On Fri, Sep 28, 2018 at 10:43 AM Tim Allison <ta...@apache.org> wrote:

> If you haven’t already, might want to check out maximal marginal
> relevance...original paper: Carbonell and Goldstein.
>
> On Thu, Sep 27, 2018 at 7:29 PM Joel Bernstein <jo...@gmail.com> wrote:
>
> > Yeah, I think your plan sounds fine.
> >
> > Do you have a specific use case for diversity of results. I've been
> > wondering if diversity of results would provide better perceived
> relevance.
> >
> > Joel Bernstein
> > http://joelsolr.blogspot.com/
> >
> >
> > On Thu, Sep 27, 2018 at 1:39 PM Diego Ceccarelli (BLOOMBERG/ LONDON) <
> > dceccarelli4@bloomberg.net> wrote:
> >
> > > Yeah, I think Kmeans might be a way to implement the "top 3 stories
> that
> > > are more distant", but you can also have a more naïve (and faster)
> > strategy
> > > like
> > >  - sending a threshold
> > >  - scan the documents according to the relevance score
> > >  - select the top documents that have diversity > threshold.
> > >
> > > I would allow to define the strategy and select it from the request.
> > >
> > > From: solr-user@lucene.apache.org At: 09/27/18 18:25:43To:  Diego
> > > Ceccarelli (BLOOMBERG/ LONDON ) ,  solr-user@lucene.apache.org
> > > Subject: Re: solr and diversification
> > >
> > > I've thought about this problem a little bit. What I was considering
> was
> > > using Kmeans clustering to cluster the top 50 docs, then pulling the
> top
> > > scoring doc form each cluster as the top documents. This should be fast
> > and
> > > effective at getting diversity.
> > >
> > >
> > > Joel Bernstein
> > > http://joelsolr.blogspot.com/
> > >
> > >
> > > On Thu, Sep 27, 2018 at 1:20 PM Diego Ceccarelli (BLOOMBERG/ LONDON) <
> > > dceccarelli4@bloomberg.net> wrote:
> > >
> > > > Hi,
> > > >
> > > > I'm considering to write a component for diversifying the results. I
> > know
> > > > that diversification can be achieved by using grouping but I'm
> thinking
> > > > about something different and query biased.

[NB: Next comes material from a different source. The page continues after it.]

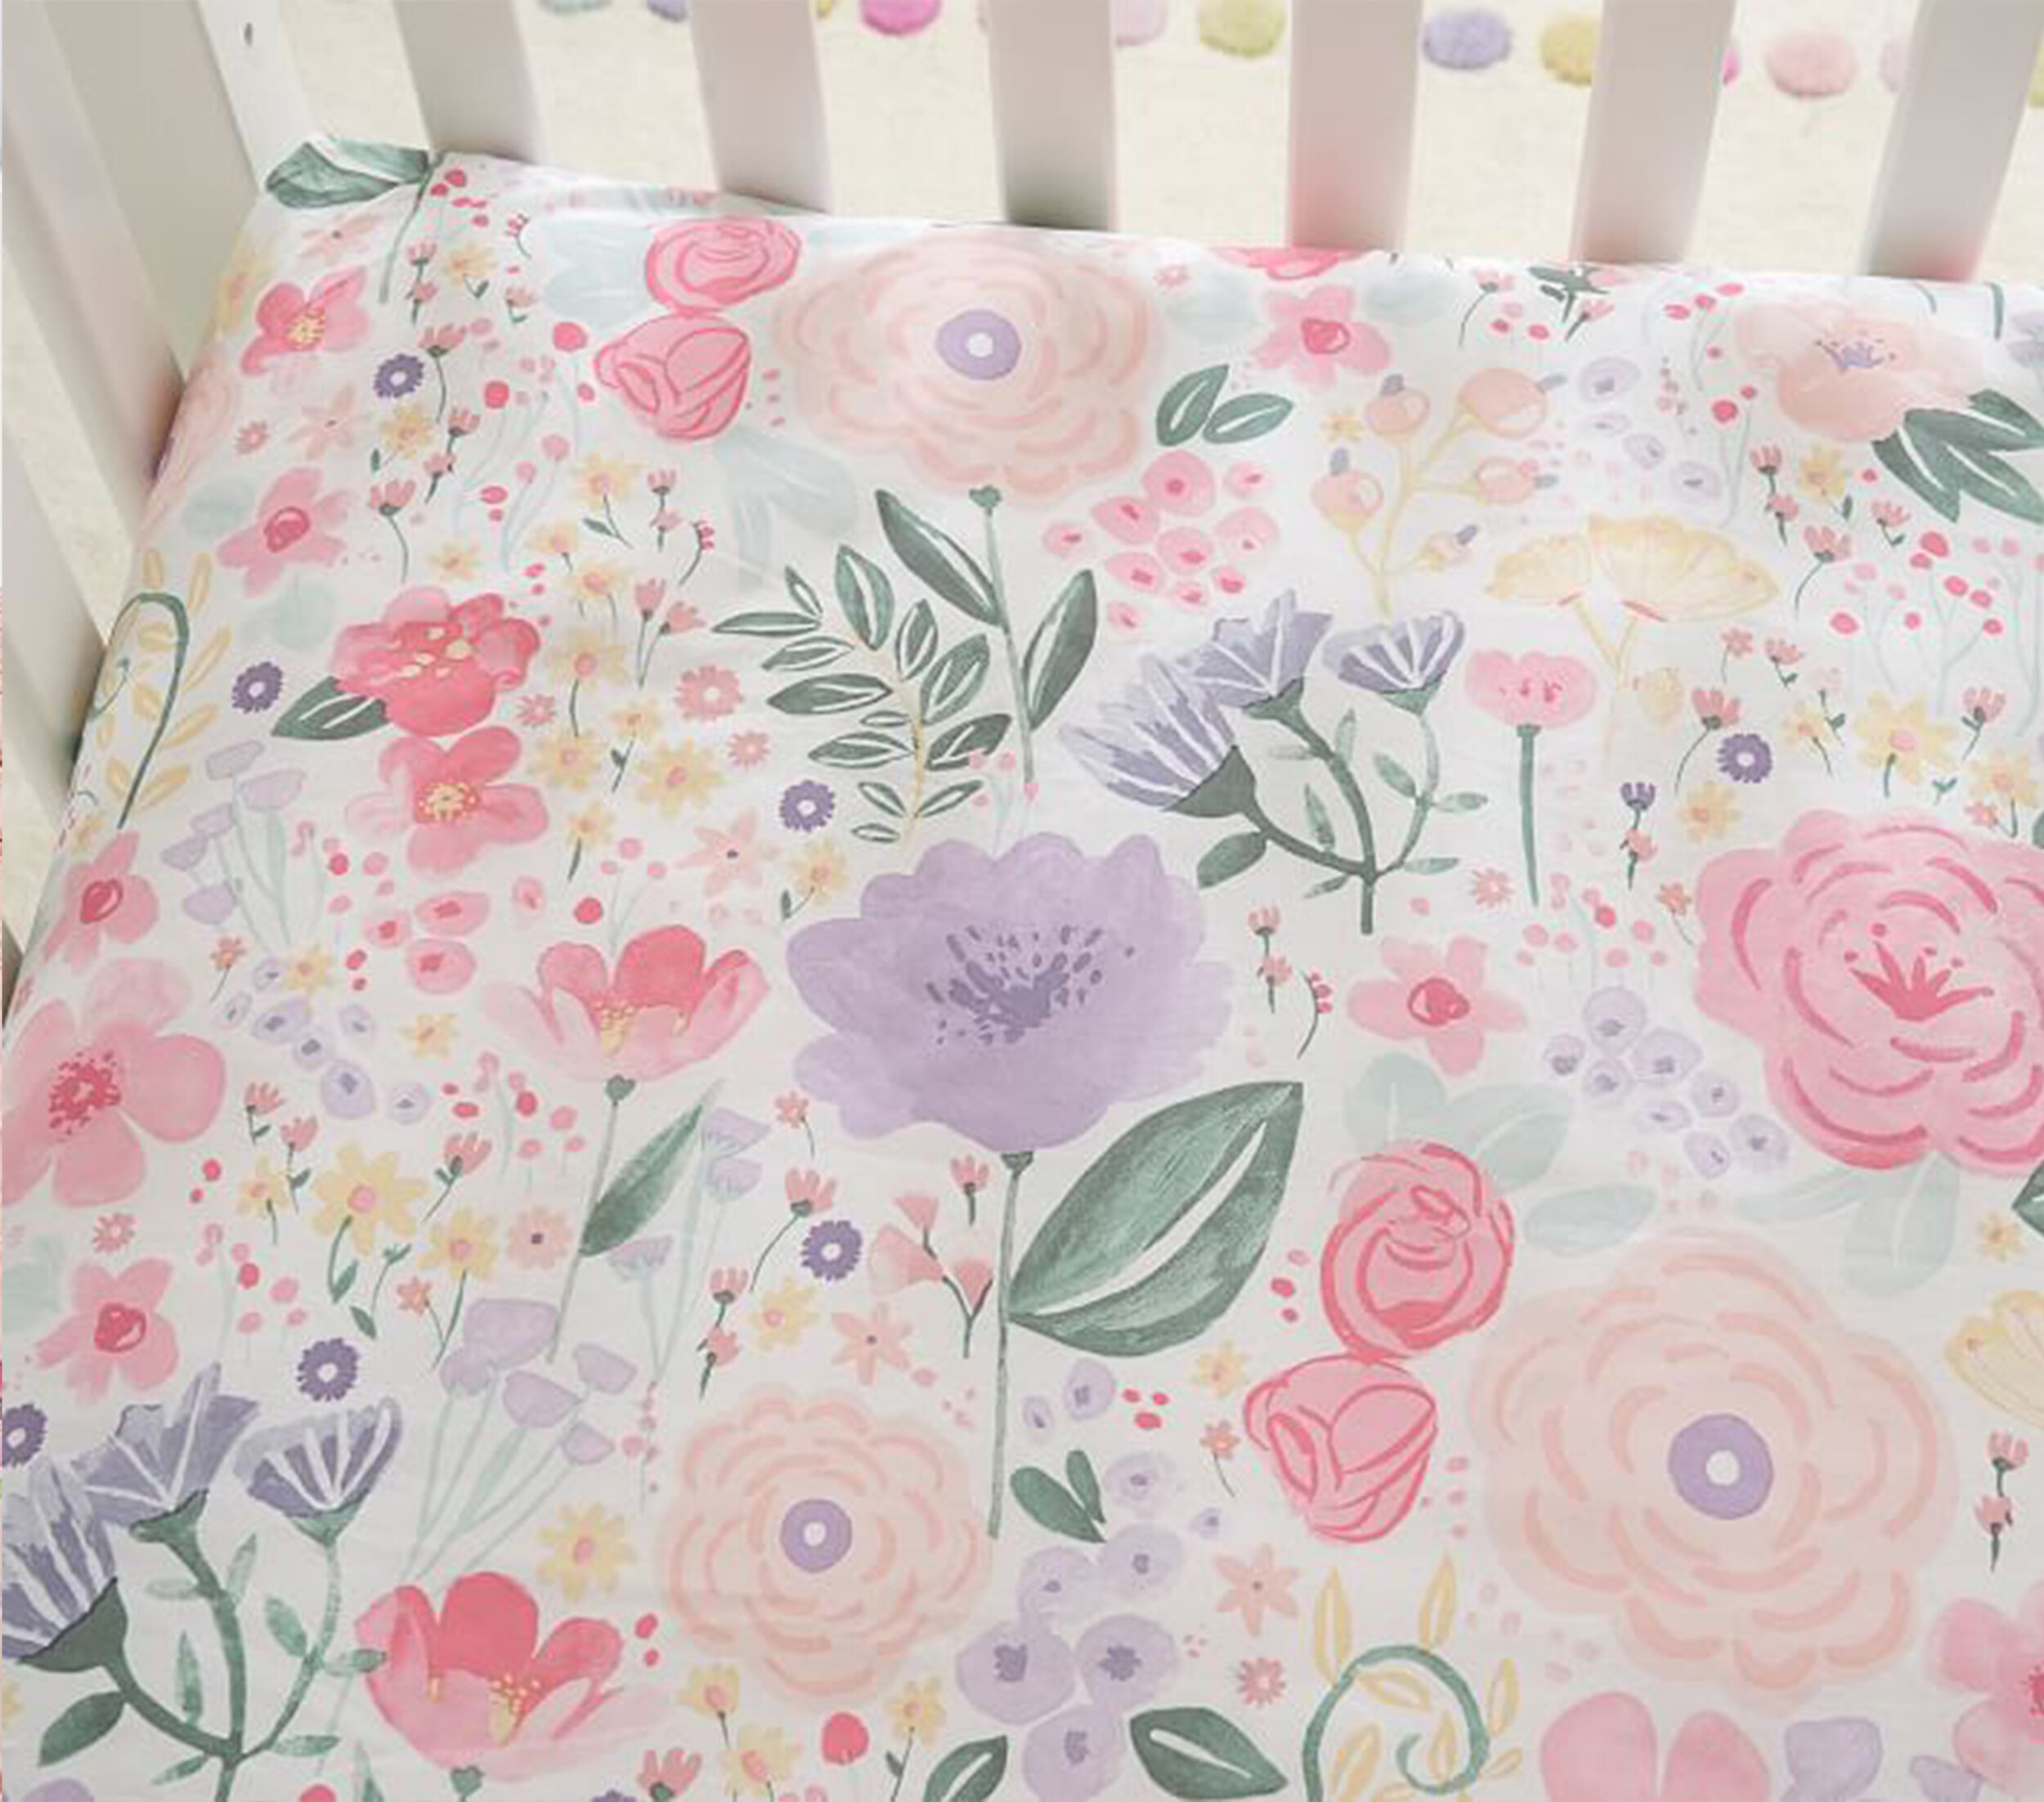 flora-baby-bedding-sets-o.jpg

> > > > The idea is to have something that gets applied after the normal
> > > retrieval
> > > > and selects the top k documents more diverse based on some distance
> > > metric:
> > > >
> > > > Example:
> > > > imagine that you are asking for 10 rows, and you set diversify.rows=3
> > > > diversity.metric=tfidf  diversify.field=body
> > > >
> > > > Solr might retrieve the the top 10 rows as usual, extract tfidf
> vectors
> > > > for the bodies and select the top 3 stories that are more distant
> > > according
> > > > to the cosine similarity.
> > > > This would be different from grouping because documents will be
> > > > 'collapsed' or not based on the subset of documents retrieved for the
> > > > query.
> > > > Do you think it would make sense to have it as a component?  any
> > feedback
> > > > / idea?
> > > >
> > > >
> > > >
> > >
> > >
> > >
> >
>